Keeping the Rhythm: hERG and Beyond in Cardiovascular Safety Pharmacology

Clemens Möller

Disclosures

Expert Rev Clin Pharmacol. 2010;3(3):321-329. 

In This Article

Five-year View

Scientific research has given us a fairly good, and still continuously improving, knowledge about TdP and other cardiac arrhythmias and malfunctions and their molecular causes. These understandings are also increasingly considered by regulatory authorities concerned with cardiac safety pharmacology. It is important to keep in mind that (in vitro) hERG channel blockade, as well as (in vivo) QT interval prolongation, only gives indications of possible cardiac side effects. Although the currently effective clinical[72,73] and preclinical regulatory guidelines are still focusing on these surrogate markers, evidence exists that regulatory authorities are adopting a more differentiated view.[1,18] In particular, the currently effective ICH S7B document is now already 5 years old, and it should be clear that this should be read as what it is: a guidance, not a doctrine.[32] Thus, the guidelines do leave the necessary freedom to follow latest scientific insights. In particular, the predictivity of the widely used QT interval as a surrogate marker for proarrhythmic risk is increasingly questioned.

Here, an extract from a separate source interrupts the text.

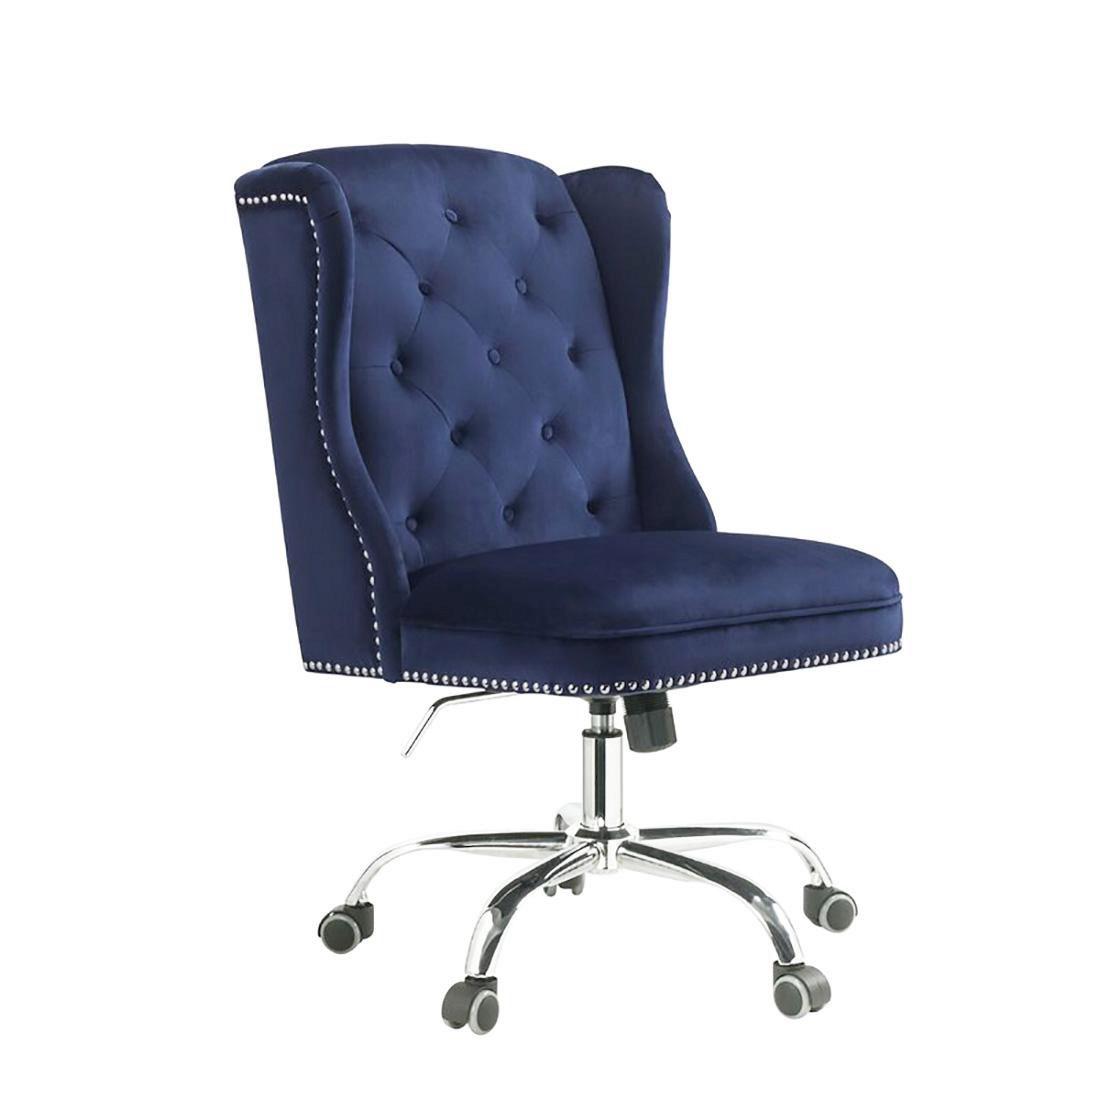 Home Office Chair Midnight Blue Velvet Jamesia 92665 Acme Vintage Contemporary Jamesia 92665 Buy Online

Other parameters, including triangulation of the action potential[59,60] and effects on transmural dispersion,[74,75] have been shown to be much better predictors of torsadogenicity, while the QT interval has been shown to yield a number of false positives and false negatives[64] in predicting the proarrhythmic effects of compounds.

Development and validation of novel cardiac test systems is ongoing, and while these may not be meant to replace hERG channel electrophysiology, they are expected to deliver valuable additional information. In addition, structural details of the hERG channel pore are being unraveled and will increasingly help medicinal chemists to design compounds with reduced hERG liabilities, keeping the target affinity intact.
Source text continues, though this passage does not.